УСНУВШИЙ В АРМАГЕДДОНЕ

   Никто не хочет смерти, никто не ждет ее. Просто что-то срабатывает не так, ракета поворачивается боком, астероид стремительно надвигается, закрываешь руками глаза — чернота, движение, носовые двигатели неудержимо тянут вперед, отчаянно хочется жить — и некуда податься.
   Какое-то мгновение он стоял среди обломков…
   Мрак. Во мраке неощутимая боль. В боли — кошмар.
   Он не потерял сознания.
   «Твое имя?» — спросили невидимые голоса. «Сейл, — ответил он, крутясь в водовороте тошноты, — Леонард Сейл». — «Кто ты?» — закричали голоса. «Космонавт!» — крикнул он, один в ночи. «Добро пожаловать», -сказали голоса. «Добро… добро…». И замерли.

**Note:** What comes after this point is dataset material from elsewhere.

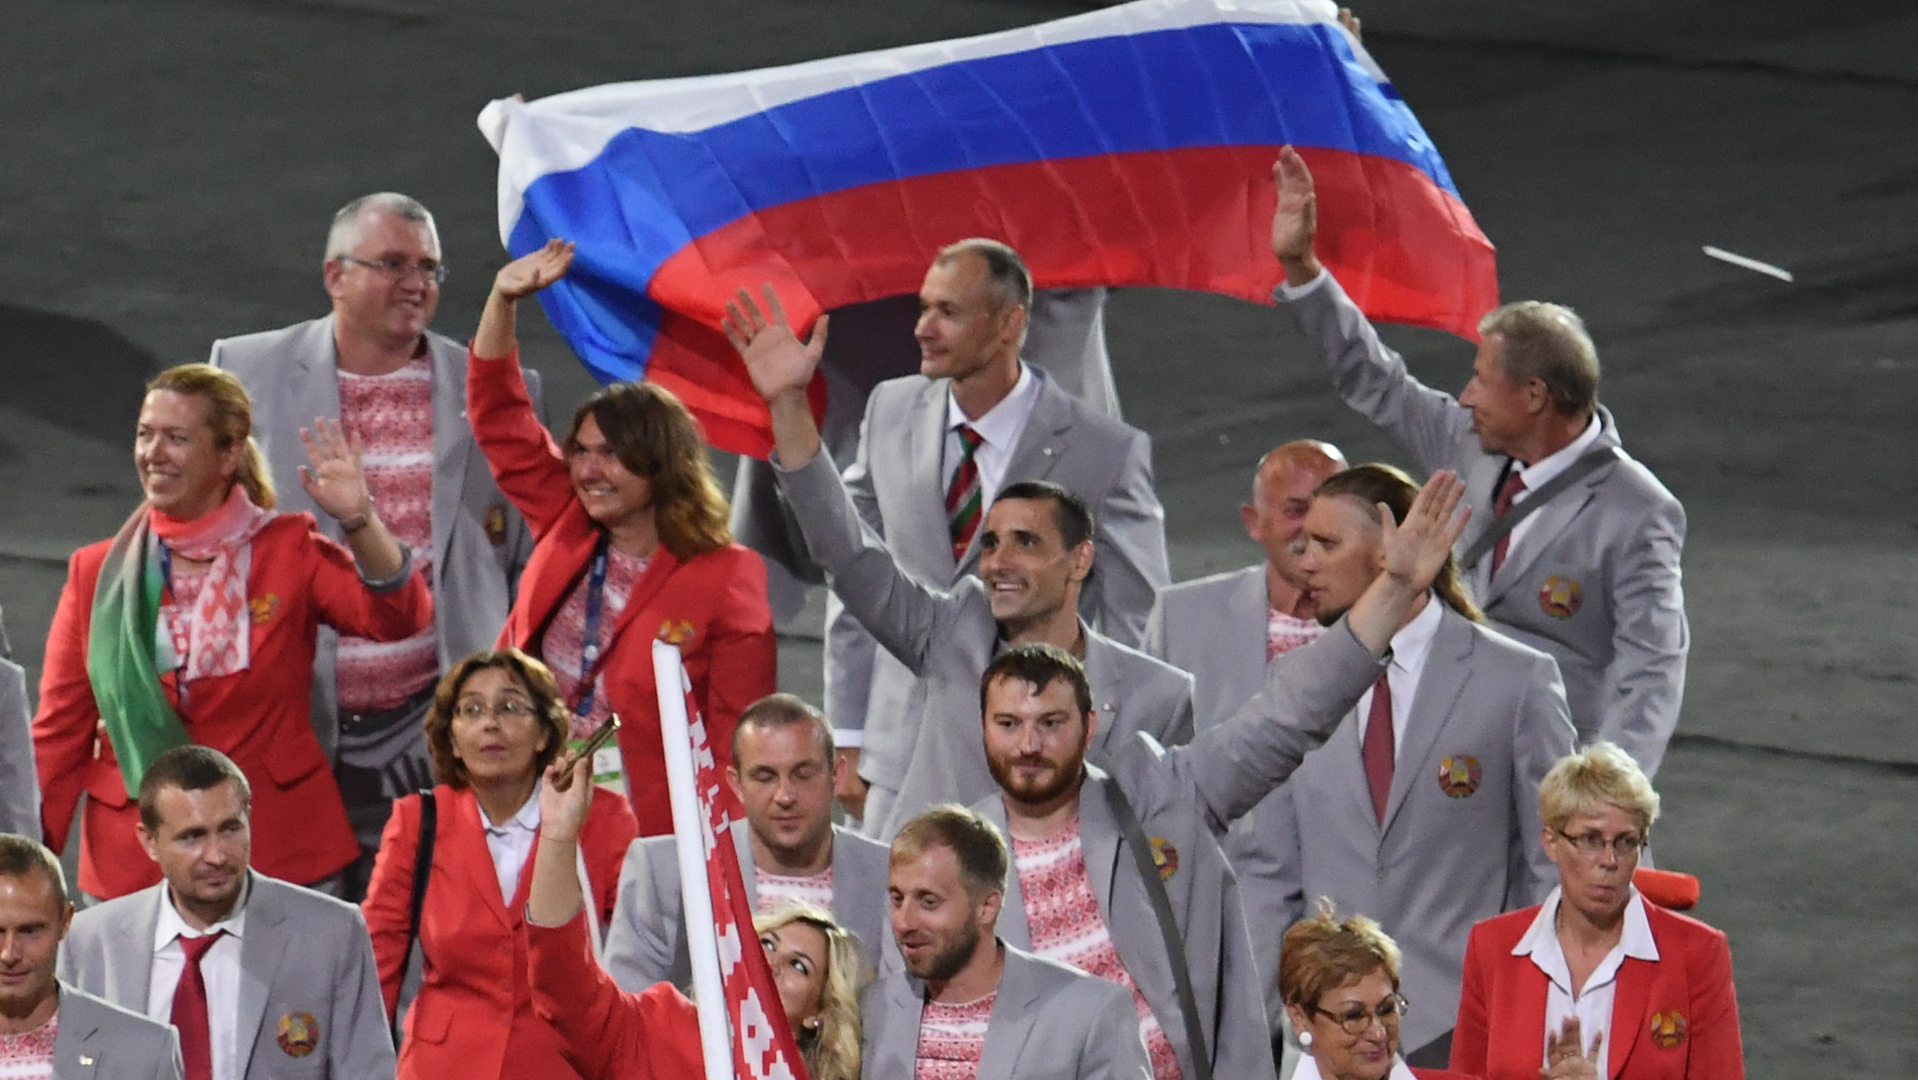 «Спасибо, Белоруссия»: реакция пользователей сети на российский флаг на Паралимпиаде

   Он поднялся, обломки рухнули к его ногам, как смятая, порванная одежда.
   Взошло солнце, и наступило утро.
   Сейл протиснулся сквозь узкое отверстие шлюза и вдохнул воздух. Везет. Просто везет. Воздух пригоден для дыхания. Продуктов хватит на два месяца. Прекрасно, прекрасно! И это тоже! — Он ткнул пальцем в обломки. — Чудо из чудес! Радиоаппаратура не пострадала.
   Он отстучал ключом: «Врезался в астероид 787. Сейл. Пришлите помощь. Сейл. Пришлите помощь». Ответ не заставил себя ждать: «Хелло, Сейл. Говорит Адаме из Марсопорта. Посылаем спасательный корабль «Логарифм». Прибудет на астероид 787 через шесть дней. Держись».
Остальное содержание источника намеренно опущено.